Several of Turner’s greatest achievements in oil are in display here, including “Hannibal and his Army Crossing the Alps” (1812), a tour de force which revels in the indomitable power of the natural world, the insignificance of mighty armies even as they strive to conquer the unconquerable. The painting features Hannibal’s famed Carthaginian army, elephants and all, beset by a massive storm as it struggles to make its way into Italy amidst the towering peaks of the Alps.

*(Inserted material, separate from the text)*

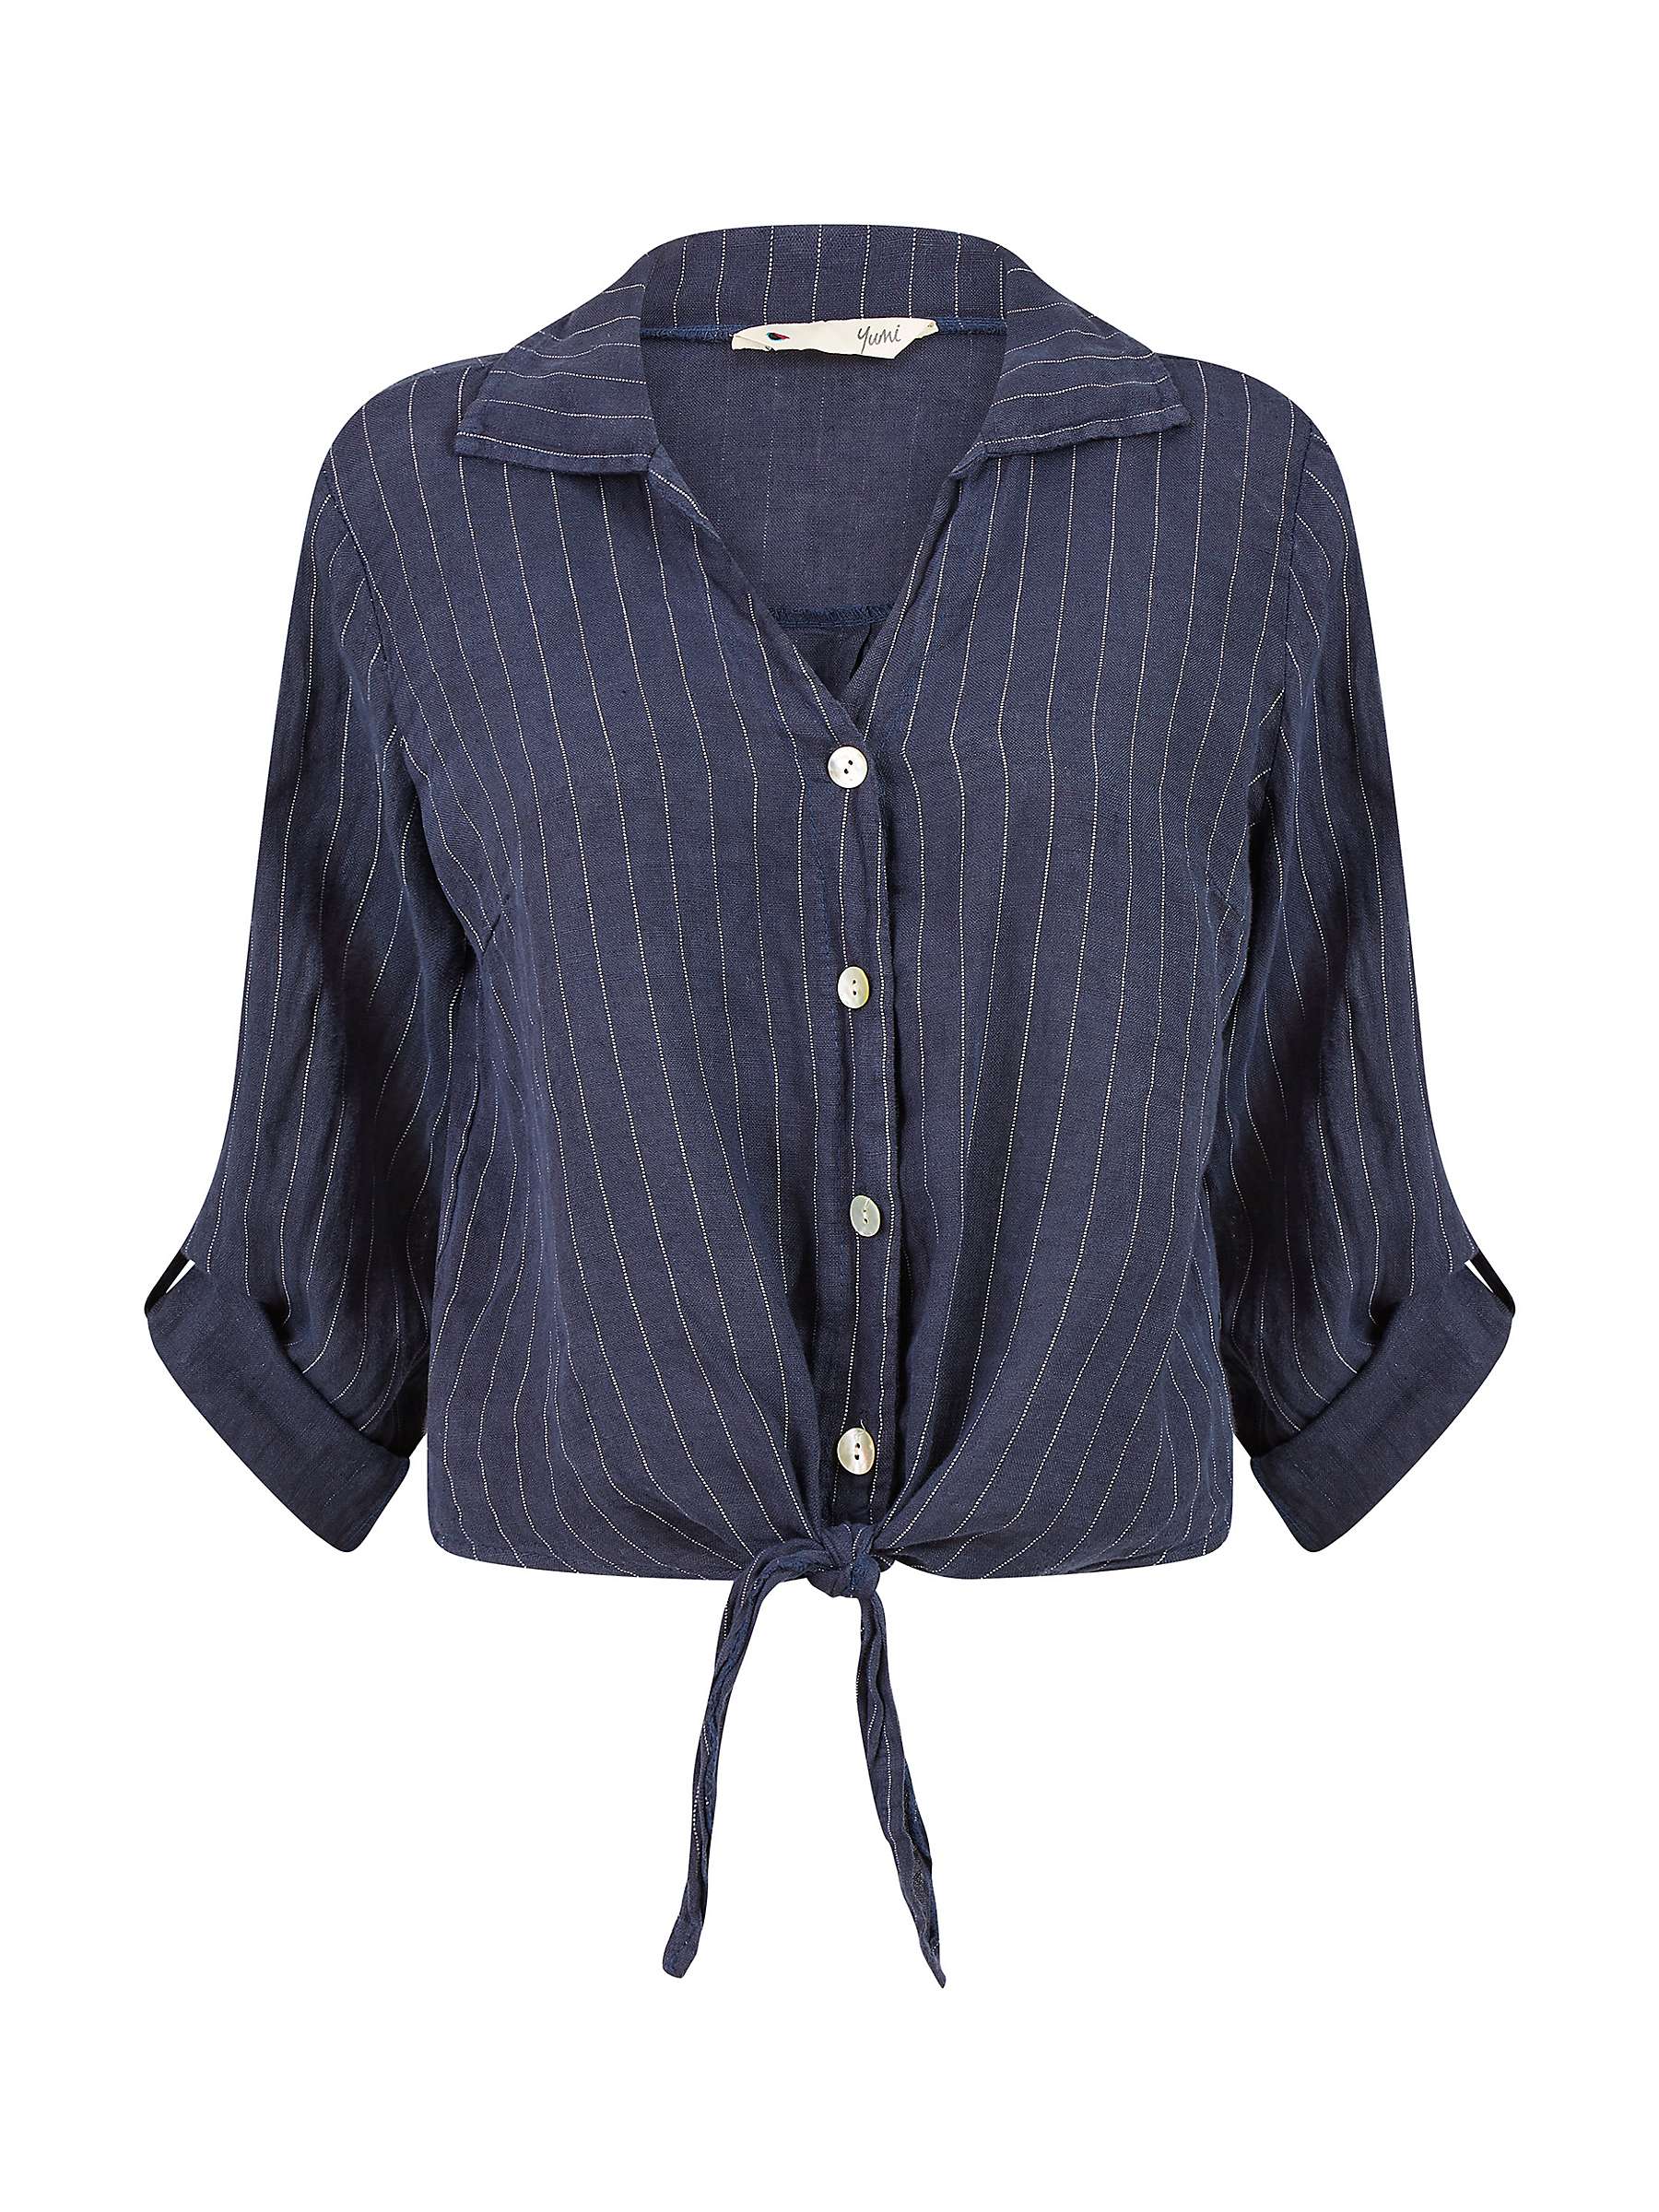 Buy Yumi Italian Linen Striped Front Tie Shirt Online at johnlewis.com

The devastation of war is a recurring theme in Turner’s work, and unlike his contemporaries Turner is willing to forego the occasion to bolster national pride or the patriotism of its fallen heroes. In “The Field of Waterloo” (1818), Turner’s great tragic vision of war, “The… dead of both sides lay intertwined, nearly indistinguishable surrounded by the gloom of night.” Near the bottom center there are three women. The one farthest from us is bearing a child and in her right hand a torch which illumines the sea of mangled bodies. Beside her is another woman struggling to keep a third (also with child) from collapsing outright. Turner reflects not only on the dead and dying, but on the widows and orphans that war produces.
“The Battle of Trafalgar, as Seen from the Mizen Starboard Shrouds of the Victory” (1806-8), is among the most ambitious and extraordinary paintings included in the exhibition. For Turner’s contemporaries the painting was a “British epic picture… the first picture of the kind that has ever… been exhibited.” It is indeed an epic depiction of Admiral Nelson’s defeat of the French and Spanish navies at Trafalgar on October 21, 1805. However, it is also much more than that. Ships close in on one another, with claustrophobic proximity; creating a wilderness of masts and sails and smoke in the upper three-quarters of the canvas. The viewer hovers above Nelson’s flagship Victory, where we can see the French have finally conceded defeat by laying their tricolor flag on the deck; but just beyond that Nelson lays dying, struck by a French sniper’s bullet. It is a painting in which tragedy and triumph are intertwined, as close to each other as the ships themselves: victory is won but at a steep price.
“The Slave Ship” (1840) is undoubtedly one of Turner’s greatest masterpieces — a painting which his friend and critic John Ruskin would praise above all others, observing that it is “the noblest sea Turner ever painted, an, if so, the noblest certainly ever painted by man.” The scene depicts a slave ship that has thrown over a part of its “cargo” that is, human beings whose limbs can be seen as they are tossed among the violent waves. It is a scene that cries out against man’s inhumanity to man. As Ruskin points out, the masts of the slave ship “are written upon the sky in lines of blood.” Turner’s condemnation pf the guilty ship is expressed with color, “that fearful hue which signs the sky with horror, and mixes it flaming flood with the sunlight.” The sinking sun itself seems to be inflamed by the horror it must gaze upon.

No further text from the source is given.